2) Companies are not required to give paid bereavement leave; since it is not a requirement for them, they could in theory simply cancel it if circumstances change and they need you to do work. If you made plans based on the expectation of leave which they affirmatively promised you--e.g. to go to another state to stay with/visit family--you may be able to enforce the leave against the company on the basis you reasonably relied on the promise and did something expensive or to your detriment; but that premise is more difficult to apply if you are "simply" at home.
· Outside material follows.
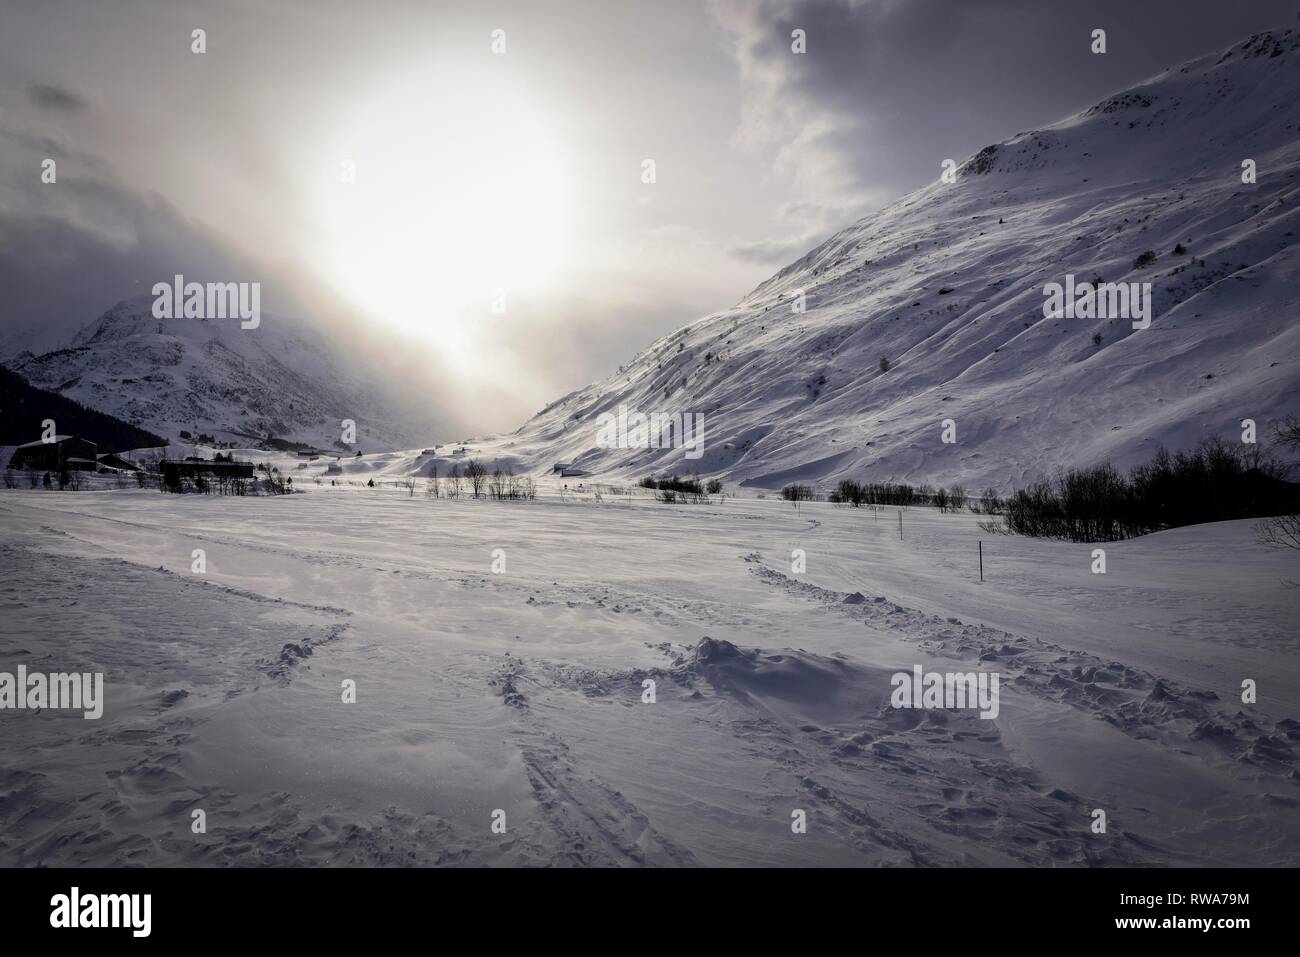 Snowy mountain landscape in winter, Andermatt, Switzerland Stock Photo
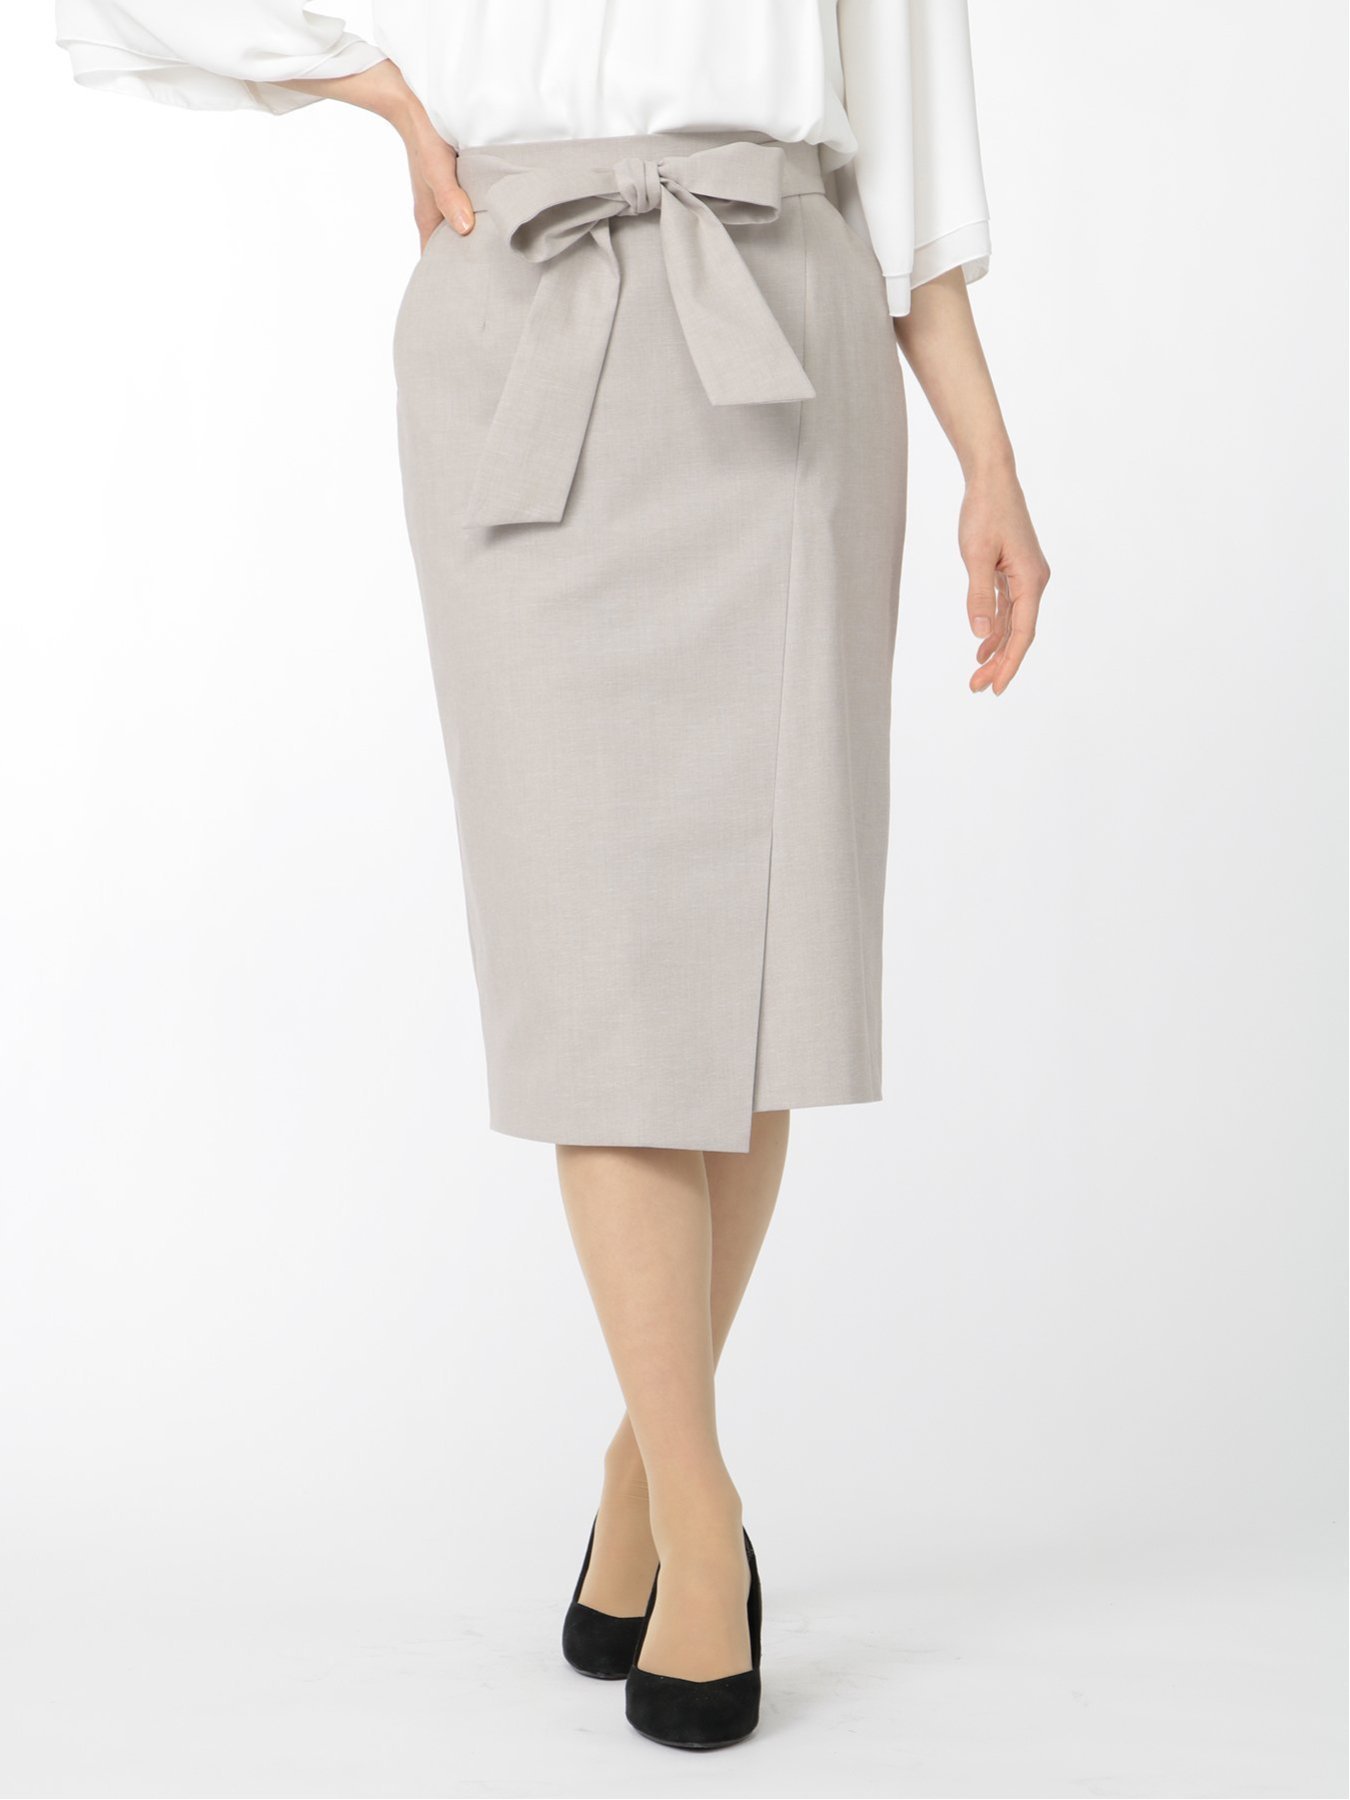 TAKA-Q（タカキュー）綿麻シャーク セミタイトスカート ベージュ(セットアップ可能)エムエフエディトリアルレディース/m.f.editorial:Women綿麻シャークセットアップセミタイトスカートベージュ■素材特徴シャリ感のあるリネン混のシャークスキンを使用しています。サラッと軽い着心地で盛夏まで着用可能。無地見えする控えめな織り柄で、さりげない表情があります。伸びて洗えてシワになりにくい多機能な素材です。裏地は抗菌加工をほどこしたポリエステル素材です。■機能【ストレッチ】表地・裏地共に伸びて、長時間の着用もストレスフリー。【ウォッシャブル】ご家庭で手洗い可能。いつも清潔に着ていただけます。【イージーケア】洗濯後もシワが入りにくく、アイロンがけも簡単。■デザインラップ風に見えるデザインで上品なルックスに仕上げています。ウエストマークできる共生地のリボンベルトが付属しています。ポケット付きなので利便性にも優れています。■シルエットすっきりと見えるストレート（セミタイト）シルエットです。膝下丈なので幅広い年代の方に着ていただけます。ウエストサイドはゴム入りで着用ストレスを軽減しています。■コーディネートフィット感のある綺麗目トップスと合わせるのがおすすめです。セットアップで着ていただくと、着まわしのバリエーションが広がります。プライベートのお出掛けはもちろん、オフィスシーン、お子様の学校行事、セミフォーマルまで幅広く活躍してくれます。■セットアップアイテムは下記品番をご参照ください。・綿麻シャークセットアップカラーレス7分袖ジャケットベージュ120103063118237・綿麻シャークセットアップテーパードパンツベージュ:120113063118237フィット感:標準シーズン:夏展開カラー:ベージュ裏地:有り*アテンションタグ・洗濯ネームを御確認の上、着用又は取り扱い下さい。*光の当たる場所や高温多湿になる場所での保管は避けて下さい。*使用の有無に関わらず、経年劣化は進行いたしますのでご了承下さい。*こちらの商品はセット販売ではなく、単品のみの販売となります。型番：120063063118237-33-o FH8019【採寸】サイズ着丈ウエストヒップS66cm62cm92cmM67cm66cm96cmL68cm70cm100cmXL69cm74cm104cm※裾上げ等のお直しが必要な場合は,納品書をご持参していただき最寄のタカキューグループ店舗までお持ちください.お直し代金,お直しにかかる期間は店舗によって異なる場合がございますので,詳しくは店舗スタッフまでお問い合わせください.商品のサイズについて【商品詳細】中国素材：本体:ポリエステル52%本体:コットン42%本体:リネン6%裏地:ポリエステル100%サイズ：S、M、L、XL※クリーニングの可否・洗濯方法等お手入れにつきましては、商品本体の洗濯表示タグをご確認願います。※画面上と実物では多少色具合が異なって見える場合もございます。ご了承ください。商品のカラーについて 【予約商品について】 ※「先行予約販売中」「予約販売中」をご注文の際は予約商品についてをご確認ください。TAKA-Q（タカキュー）綿麻シャーク セミタイトスカート ベージュ(セットアップ可能)エムエフエディトリアルレディース/m.f.editorial:Women綿麻シャークセットアップセミタイトスカートベージュ■素材特徴シャリ感のあるリネン混のシャークスキンを使用しています。サラッと軽い着心地で盛夏まで着用可能。無地見えする控えめな織り柄で、さりげない表情があります。伸びて洗えてシワになりにくい多機能な素材です。裏地は抗菌加工をほどこしたポリエステル素材です。■機能【ストレッチ】表地・裏地共に伸びて、長時間の着用もストレスフリー。【ウォッシャブル】ご家庭で手洗い可能。いつも清潔に着ていただけます。【イージーケア】洗濯後もシワが入りにくく、アイロンがけも簡単。■デザインラップ風に見えるデザインで上品なルックスに仕上げています。ウエストマークできる共生地のリボンベルトが付属しています。ポケット付きなので利便性にも優れています。■シルエットすっきりと見えるストレート（セミタイト）シルエットです。膝下丈なので幅広い年代の方に着ていただけます。ウエストサイドはゴム入りで着用ストレスを軽減しています。■コーディネートフィット感のある綺麗目トップスと合わせるのがおすすめです。セットアップで着ていただくと、着まわしのバリエーションが広がります。プライベートのお出掛けはもちろん、オフィスシーン、お子様の学校行事、セミフォーマルまで幅広く活躍してくれます。■セットアップアイテムは下記品番をご参照ください。・綿麻シャークセットアップカラーレス7分袖ジャケットベージュ120103063118237・綿麻シャークセットアップテーパードパンツベージュ:120113063118237フィット感:標準シーズン:夏展開カラー:ベージュ裏地:有り*アテンションタグ・洗濯ネームを御確認の上、着用又は取り扱い下さい。*光の当たる場所や高温多湿になる場所での保管は避けて下さい。*使用の有無に関わらず、経年劣化は進行いたしますのでご了承下さい。*こちらの商品はセット販売ではなく、単品のみの販売となります。型番：120063063118237-33-o FH8019【採寸】サイズ着丈ウエストヒップS66cm62cm92cmM67cm66cm96cmL68cm70cm100cmXL69cm74cm104cm※裾上げ等のお直しが必要な場合は,納品書をご持参していただき最寄のタカキューグループ店舗までお持ちください.お直し代金,お直しにかかる期間は店舗によって異なる場合がございますので,詳しくは店舗スタッフまでお問い合わせください.商品のサイズについて【商品詳細】中国素材：本体:ポリエステル52%本体:コットン42%本体:リネン6%裏地:ポリエステル100%サイズ：S、M、L、XL※クリーニングの可否・洗濯方法等お手入れにつきましては、商品本体の洗濯表示タグをご確認願います。※画面上と実物では多少色具合が異なって見える場合もございます。ご了承ください。商品のカラーについて 【予約商品について】 ※「先行予約販売中」「予約販売中」をご注文の際は予約商品についてをご確認ください。■重要なお知らせ※ 当店では、ギフト配送サービス及びラッピングサービスを行っておりません。ご注文者様とお届け先が違う場合でも、タグ（値札）付「納品書 兼 返品連絡票」同梱の状態でお送り致しますのでご了承ください。 ラッピング・ギフト配送について※ 2点以上ご購入の場合、全ての商品が揃い次第一括でのお届けとなります。お届け予定日の異なる商品をお買い上げの場合はご注意下さい。お急ぎの商品がございましたら分けてご購入いただきますようお願い致します。発送について ※ 買い物カートに入れるだけでは在庫確保されませんのでお早めに購入手続きをしてください。当店では在庫を複数サイトで共有しているため、同時にご注文があった場合、売切れとなってしまう事がございます。お手数ですが、ご注文後に当店からお送りする「ご注文内容の確認メール」をご確認ください。ご注文の確定について ※ Rakuten Fashionの商品ページに記載しているメーカー希望小売価格は、楽天市場「商品価格ナビ」に登録されている価格に準じています。 商品の価格についてTAKA-QTAKA-Qのスーツスカートスーツ・フォーマルご注文・お届けについて発送ガイドラッピンググッズ3,980円以上送料無料ご利用ガイド

So if you are just staying at home, you are subject to having to work.
3) A doctor's note has no direct power over the employer; the doctor is not an officer or executive of the company, with authority over it.
4) You may be able though, if you (concussion) or a famly member (your son; broken leg) need time out for medical care, to take unpaid FMLA Leave, if you are eligible (basically worked more or less full time for a year; and have been with this employer for a year) and the company is covered by the law (has at least 50 employees). You can find the FMLA guidelines on the U.S. Dept. of Labor website.